Building Customer Loyalty in a Churning Market

April 21, 2011 Mobility, Digital Experience, Data & AI

All businesses suffer from churn – the moving of customers from one service provider to another. As new and innovative services become better understood and more widespread, more suppliers enter the market and so the opportunities for customers to change suppliers increases. Churn is expensive. Recruiting a new customer can cost 5-10 times that of retaining an existing one. So how can technology help in the constant battle to retain customers? 

I’m going to illustrate what can be done by talking about mobile telecommunications – an industry where innovation is rife but where churn is a significant problem.

Mobile communications continues to grow very quickly. According to a recent Cisco survey, mobile data volumes are nearly doubling each year. By 2015 it predicts there will be 7B personal mobile devices globally. Analyst firm Ovum recently reported that in 2010 revenues from mobile data for European mobile operators exceeded that for voice calls for the first time.

Smartphones are completely changing the way that people use the Internet. It’s worth reminding oneself that now, in a pocket device, one has a phone, a camera, email, PDA, mapping with GPS, in some countries a near field payment device and of course access to thousands of applications. Morgan Stanley has predicted that in 2012 shipments of smartphones will, for the first time, exceed those for personal computers. The whole landscape of computing itself is changing.
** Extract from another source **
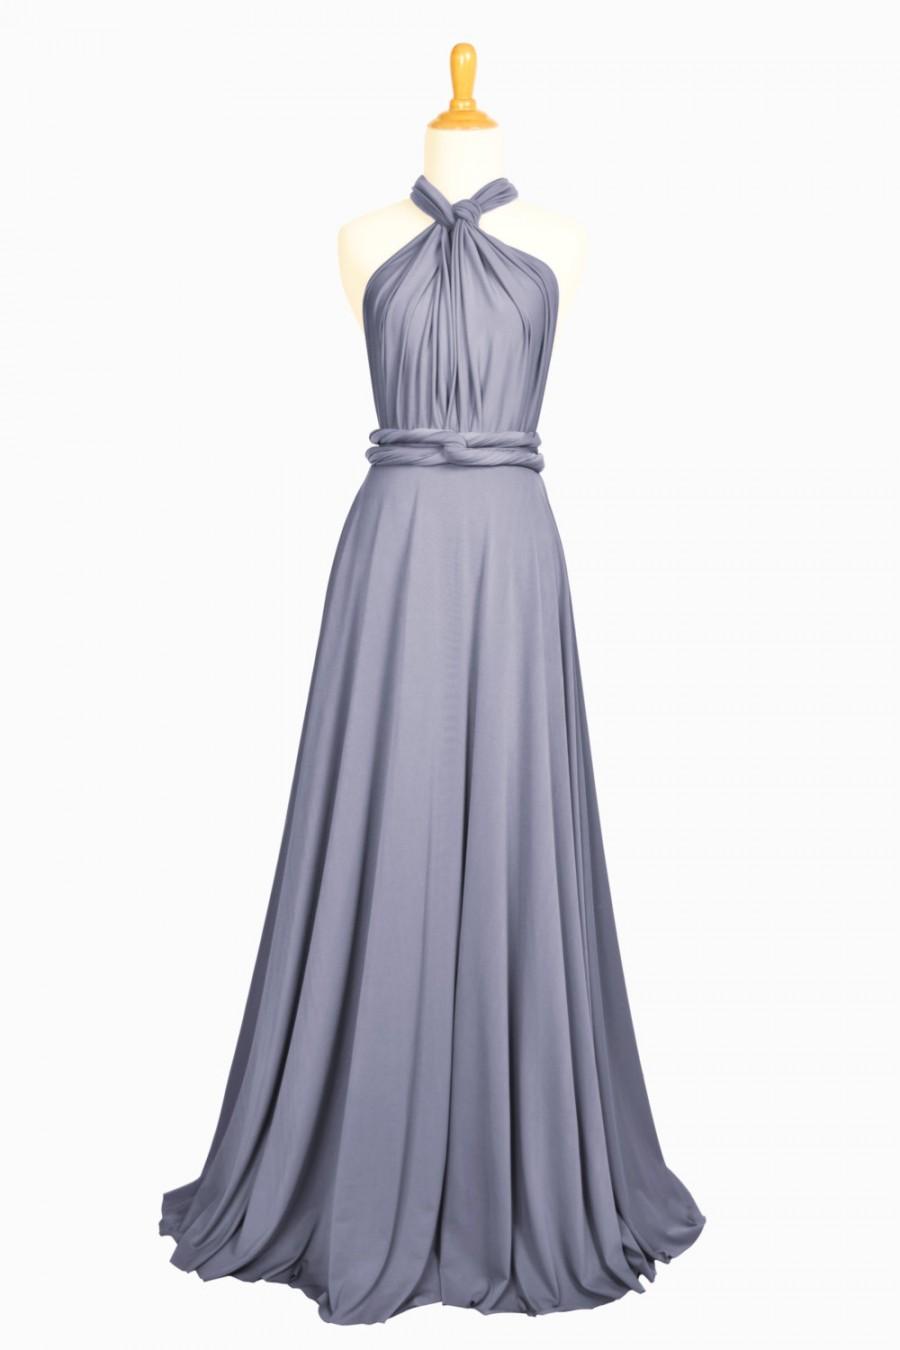 Hochzeit - Bridesmaid Dress  Lilac gray Infinity Dress  floor Length Wrap Convertible Dress L119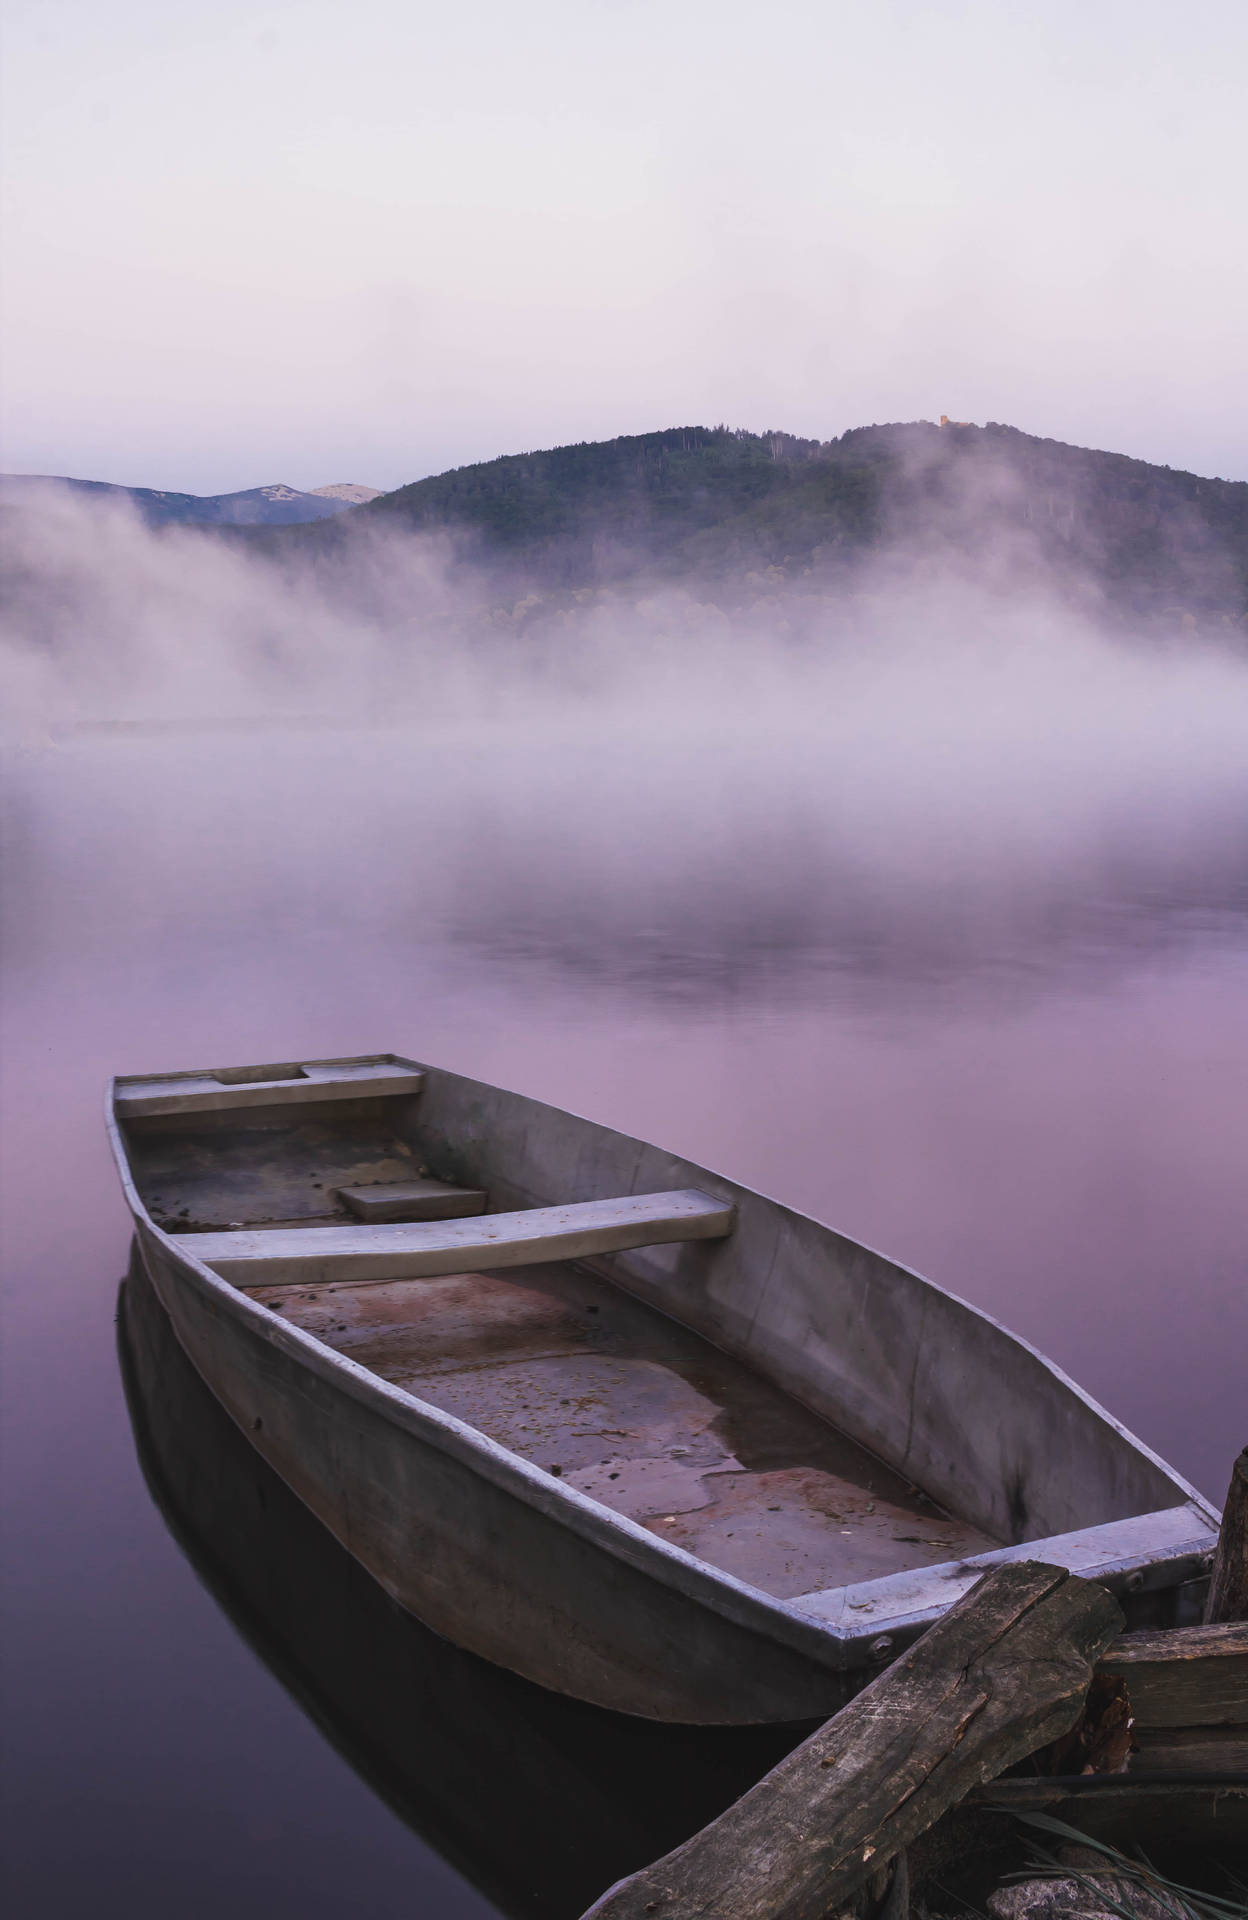 Boat On A Foggy Lake

With all this growth mobile operators should be very happy. Subscriber bases and mobile data volumes are growing. And yet, mobile operators can’t rest easy. Yes, innovation is everywhere, but most of the innovation (at least that visible to end users) isn’t going on in the mobile operators – it’s going on in the phones and the applications. End users are becoming more and more divorced from the particular network they use and, certainly in developed markets, operators primarily compete on two things only – price and coverage. The growth of the mobile Internet is pushing operators to the bottom of the value pile and risks leaving them as faceless utilities. This, in turn, leads to churn, with rates for mobile operators range from 20-40%, meaning that between 20 and 40% of subscribers will, per year, leave a network for another.

Other industries are of course liable to churn too. Insurance is one example – I recently used an online insurance aggregator to find car insurance and, within a few minutes, obtained a rate 20% below that that my current provider was offering. Online retail is another – it’s very easy to move to another retailer that might be offering a lower price on the same product. In general, churn is present wherever a product is a commodity or near commodity and where customer relationships are weak.

Some wireless operators are fighting back by identifying more ways in which they can meaningfully interact with their customers. To take a concrete example, one European telco, a Progress customer, is now continuously monitoring calls from their 30M subscribers to identify patterns of usage that indicate a different tariff would be more suitable for that subscriber. This could be as simple as noticing that the number of bundled monthly minutes used had been exceeded. A text message is then sent to the subscriber suggesting that they move to another tariff that would reduce the cost of calls in future. Time is of the essence. If the subscriber receives an offer soon after placing one of these calls they are far more likely to accept it than if the offer came through many weeks later.

The way that marketing campaigns are run can become a lot more responsive. The mobile operator may decide to run a campaign to, for example, promote a particular tariff it thinks will be of interest to a subset of its subscriber base – those people, for example, who spend more than $100 per month and roam frequently. Sending out offers via text message requires great sensitivity, as no operator wants its customers to feel it’s receiving spam. As the campaign executes results can be monitored in real-time and the target demographic of the campaign can be tightened to achieve a better response rate. Not only does this make the campaign more successful but also those subscribers that, in the end, are not targeted can become the target of a future campaign.

To do this requires a number of things. Firstly, software needs to be in place to allow the millions of subscriber calls to be analysed in real-time – an ideal use case for event processing. Secondly, there need to be tools which allow a marketing team itself, working largely autonomously without IT support, to create, test and dynamically enhance the rules which dictate which subscribers will receive the offer. And finally, positive responses to the offer need to be processed systematically through an order management system.

There are many other examples where responding quickly to subscriber activity can enhance a user’s experience of using a particular mobile operator. As Internet use becomes dominated by mobile, it’s likely that variable costs for data access, particularly where large downloads are concerned, will be introduced. The cost of a download will be calculated dynamically, dependent upon the bandwidth available within a particular cell at a particular time. At initiation of a large download (let’s say greater than 1Mb) the user could be prompted to ask whether he would like to download it at twice the normal bandwidth for another 10c. This would be a dynamic rate, calculated in real-time in response to current activity in the wireless cell and the propensity of the user to accept the rate.

So, what’s the general lesson here? By becoming more responsive to subscribers, mobile networks are increasing their value to customers, improving customer service and so reducing the likelihood of churn. Existing information about customer behaviour is being used but by being able to act on that information immediately they are able to communicate in a much more contextually suitable way so improving response rates and strengthening the customer relationship. All businesses should be looking how to use their operational information to respond to and interact with customers better. Real-time responsiveness to customer behaviour is becoming vital.